Start of GIVEN DATA
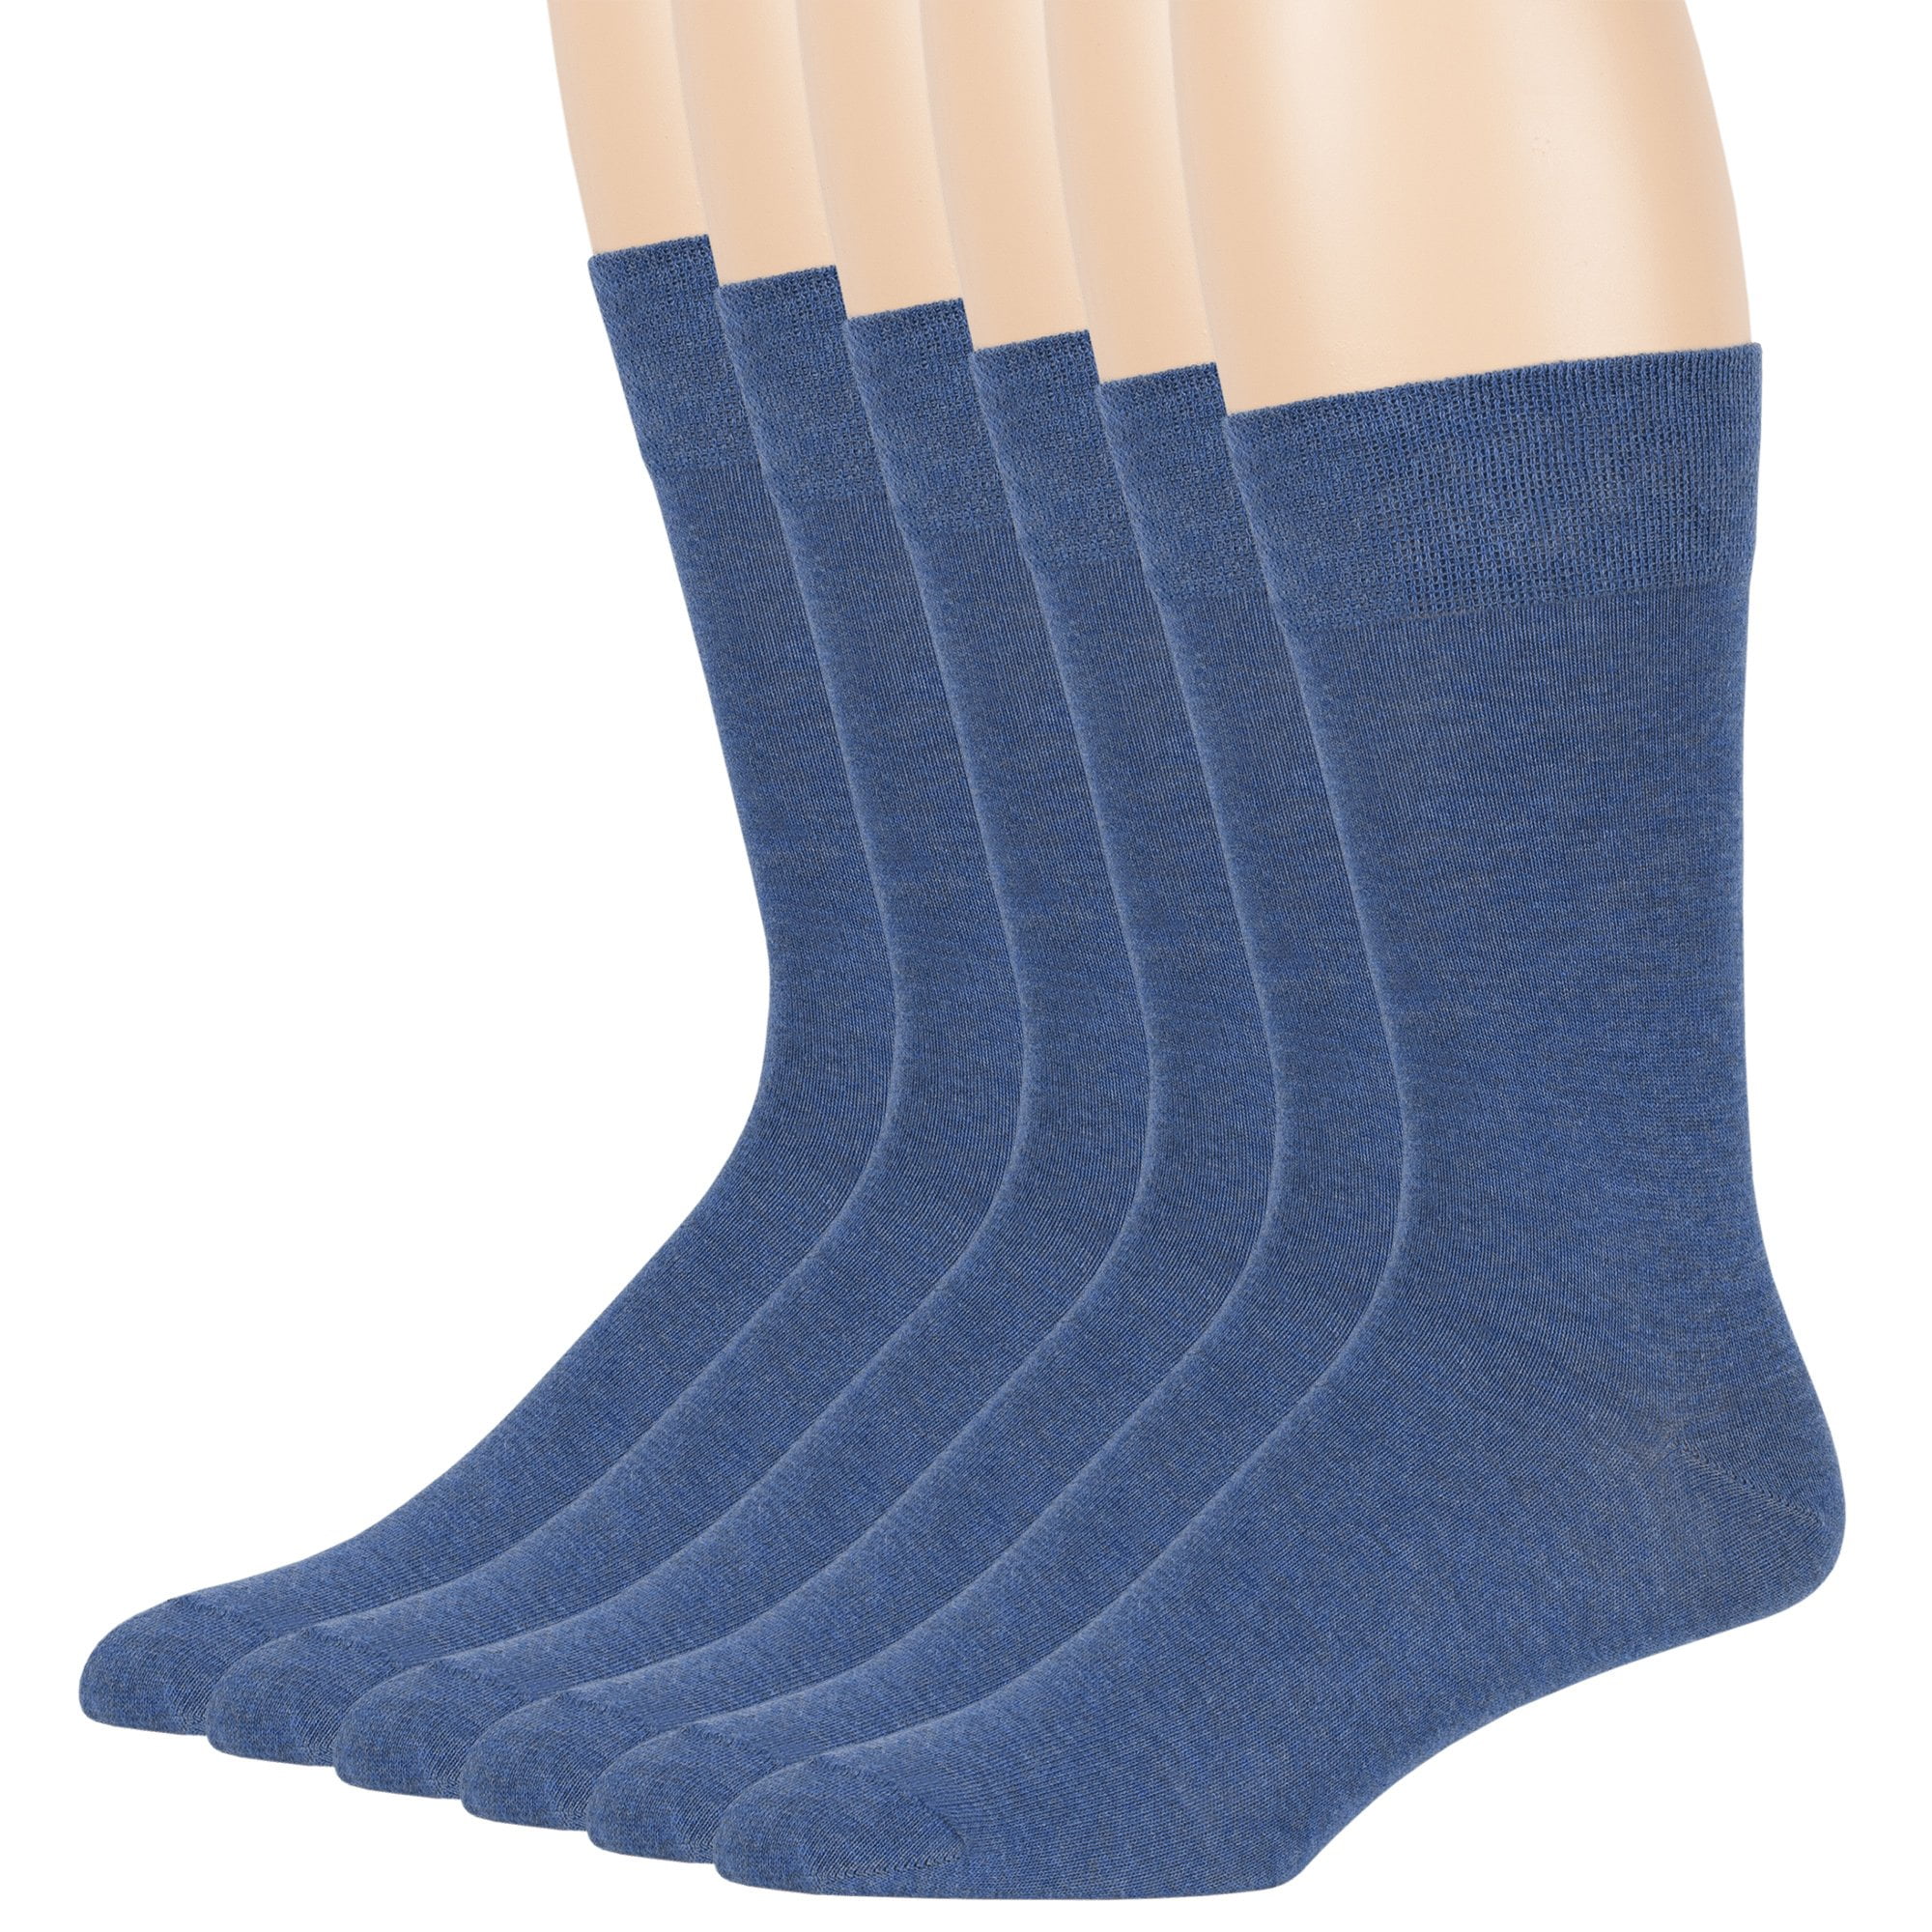 7BIGSTARS KINGDOM - Mens Cotton Comfort Big and Tall Socks, Denim Blue ...
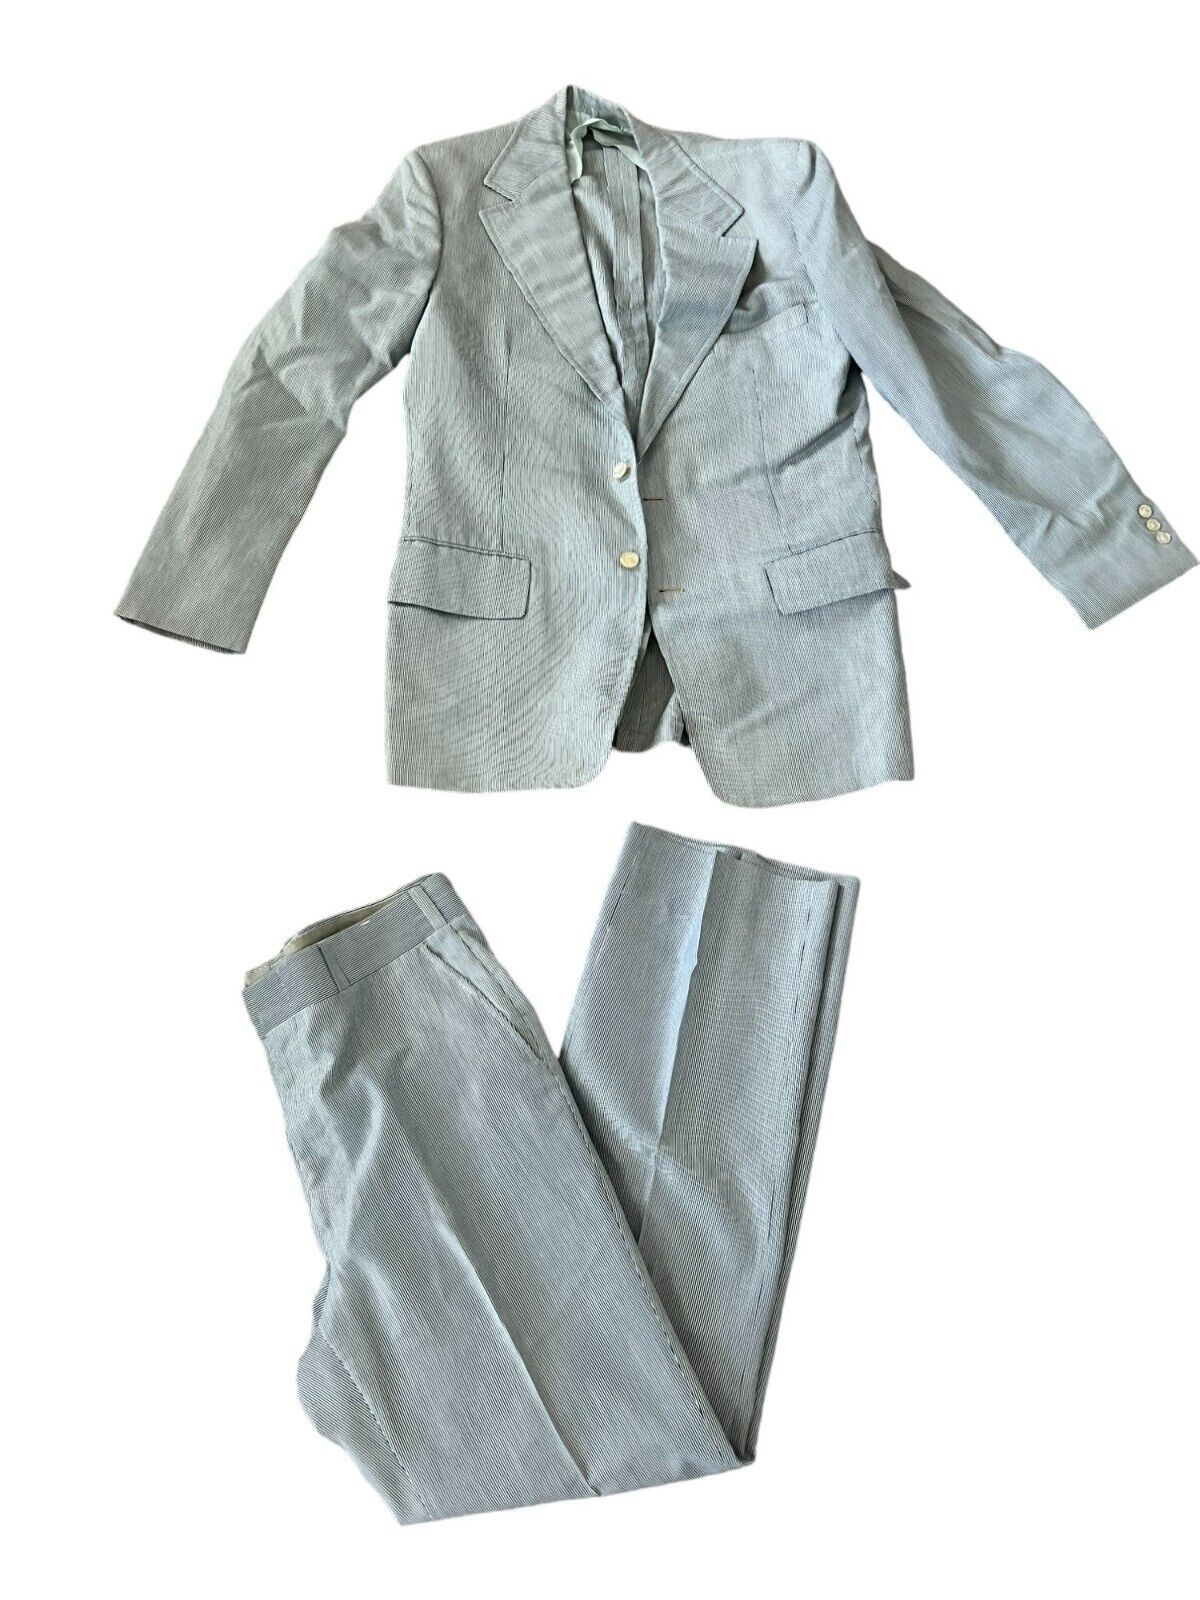 Haspel Seersucker Mens Suit 42R 37X33 Gray Vintage Business 2 Piece Set
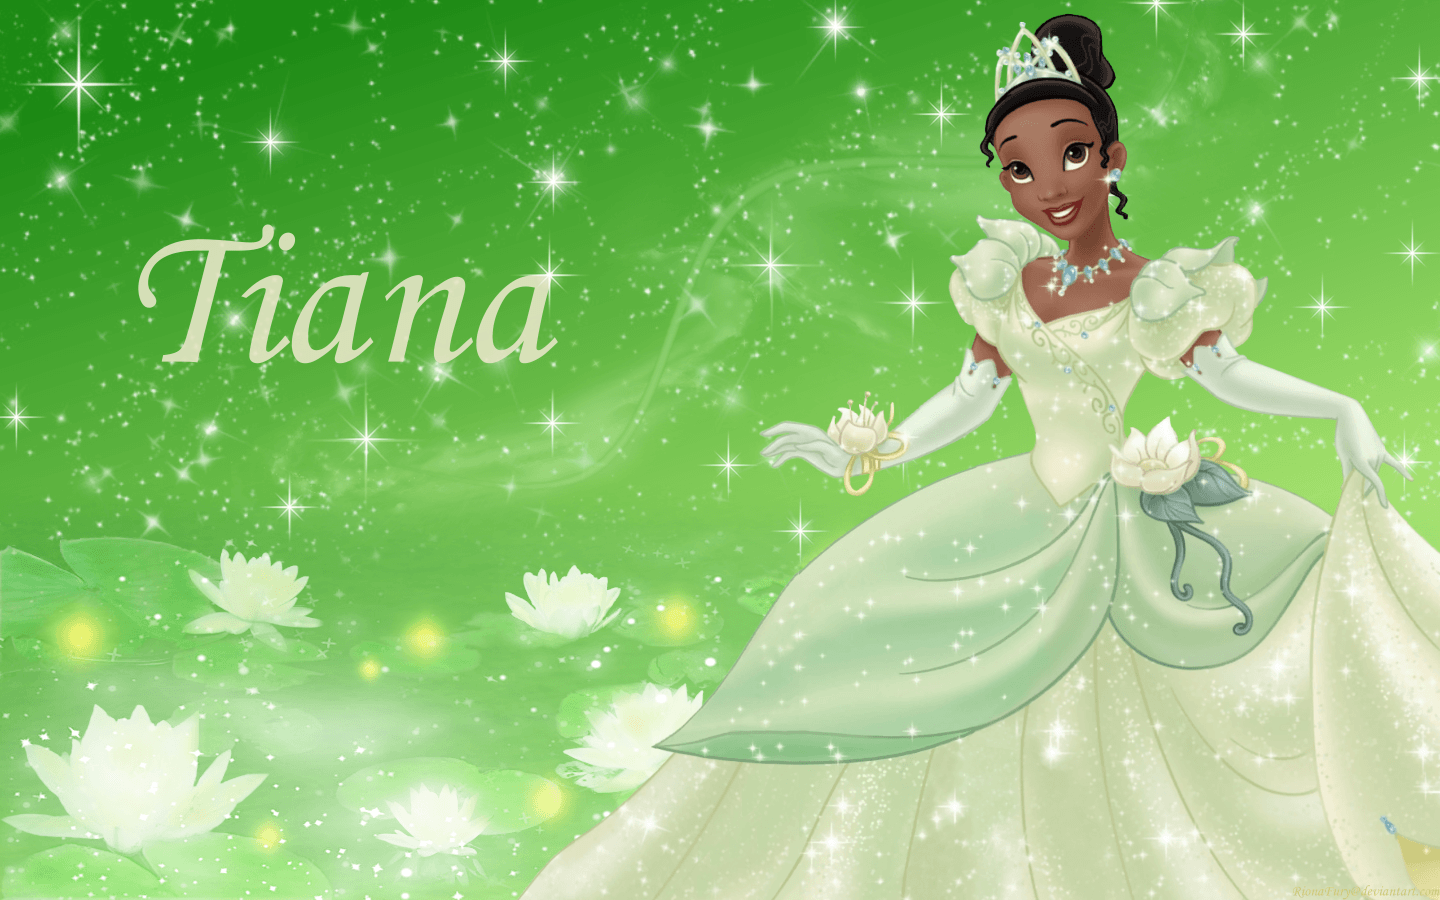 Disney Princess Tiana Wallpaper
End of GIVEN DATA
WORK REQUEST: Repeat the data word for word, minus any pictures.

ANSWER FOR THIS EXERCISE:
 7BIGSTARS KINGDOM - Mens Cotton Comfort Big and Tall Socks, Denim Blue ...
 Haspel Seersucker Mens Suit 42R 37X33 Gray Vintage Business 2 Piece Set
 Disney Princess Tiana Wallpaper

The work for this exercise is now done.